I have ten Rockset collections connecting to two Dynamodb instances. Overall there are no more than 2,000 records between the two DBs. My DDBs are on On-Demand provisioning. Last month i had 81 million Streams RCU over the DDB free tier. The odd record is inserted into DDB a couple of times a day. I thought it may have to do with Allocated RCUs in Collections → Sources which is set to 10 but cannot see how to change this even if I create a new collection.
I wouldn’t think the volume of reads is normal. Especially after reading the following post:
Any ideas? Cheers.
Hello! I believe the limit you are referring to is RRU. RCU is slightly different.
RCU (read capacity units):
This limit is only for the initial scan. Each DynamoDB table is configured with RCUs, which represent an upper bound on the read requests allowed. This limit can be configured at collection creation time if using the table scan method for the initial load. Check out our docs on optimizing RCU, for more information.
RRU (read request unit):
After the initial scan has finished, Rockset will continue to fetch new records during the streaming phase (CDC). The RRU is the number of requests made by Rockset during this phase. By default, Rockset makes 1 request per second per shard to maintain low data latency. Even if there aren’t frequent updates, Rockset will still keep polling at the same rate. A single DynamoDB table can have multiple shards, so multiple tables with multiple shards consistently being polled at 1 req/sec/shard can quickly add up.

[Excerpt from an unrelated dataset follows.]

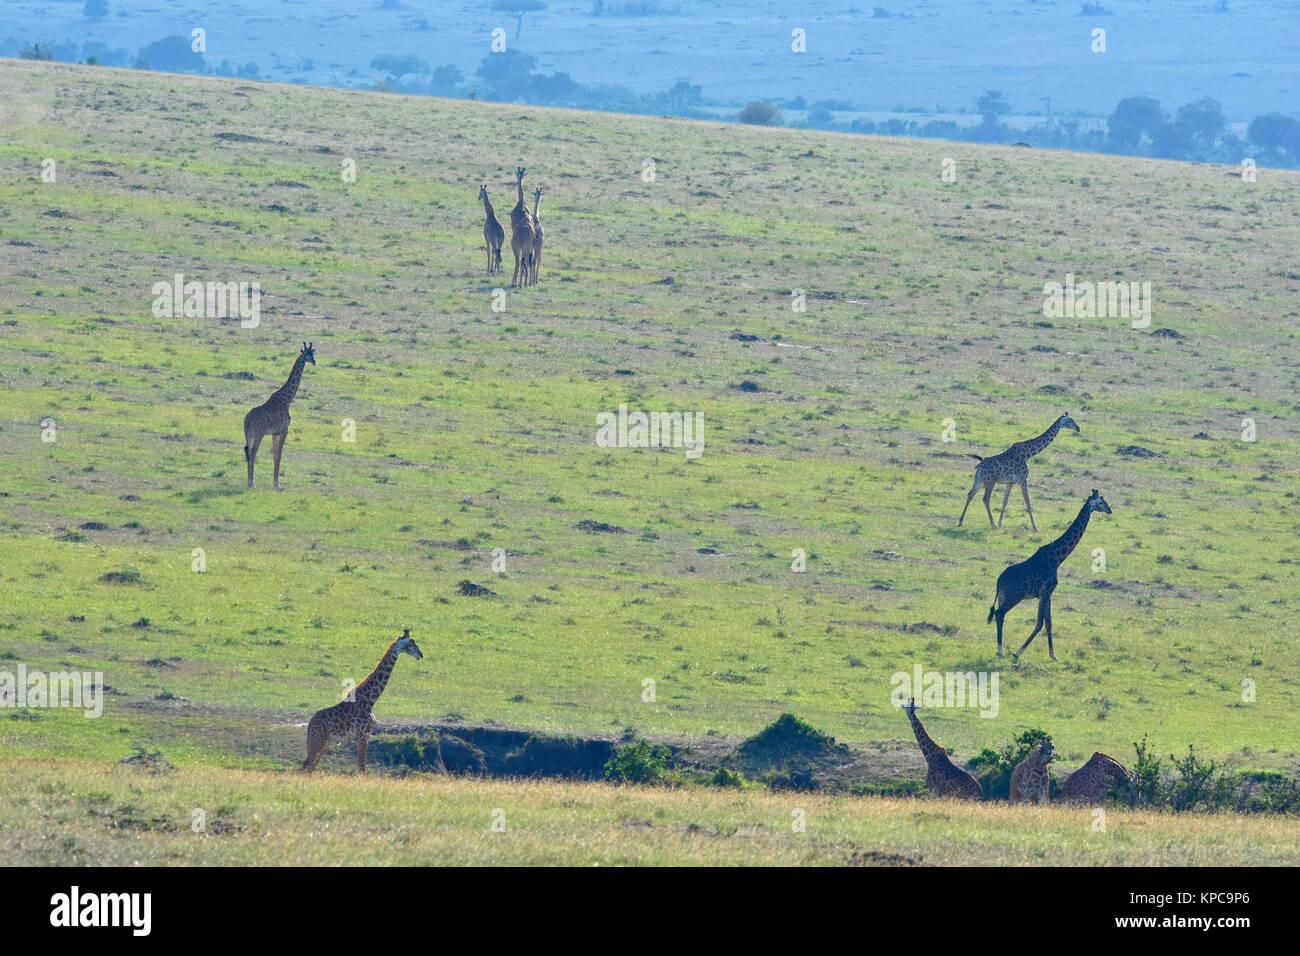 Le Kenya est une destination touristique de premier choix en Afrique de l'Est. Célèbre pour la faune Photo Stock

Fortunately, Rockset is in the process of rolling out the capability to make RRU user-configurable this week! There are some tradeoffs to understand. Making RRU too large can result in high latency and potential data loss. DynamoDB streams only have a 24 hour retention so too high RRUs risk not capturing those change events.
I’ll post in this thread again when RRU configurability is live. Thanks for your inquiry!
Excited to try RRU configurability.
Follow up question, does increasing the number of Rockset collections increase the number of RRUs on a single Dynamodb table? Example, if i had five collections all connected to the same DDB table would there be five streams polling at 1 req/sec/shard (each collection handling their own syncing), or just one stream polling at 1 req/sec/shard (Rockset retrieves all changed data on the DDB table and then distributes the changes to the individual collections).
Thanks in advance. Cheers.
Increasing the number of collections in Rockset does increase the number of RRUs on a single DynamoDB table. Each collection handles their own syncing. Soon, the RRU will be user-configurable per source which will give users more control on managing this sync. Note that a single collection can have multiple sources.
Thanks for the feedback. So I’m going to delete the Rockset collections I use for development when they’re not being used. That should save me money. Cheers.
Hello again! As of today, polling frequency for DynamoDB collections are now user configurable.
The config name is dynamodb_stream_poll_frequency and the full description of this config can be found in our source config docs for DynamoDB.
If you would like to update this frequency for an existing collection, you can do so using the Update Collection Source API endpoint. More information on how to update source settings can be found here.
Let us know if you have any questions!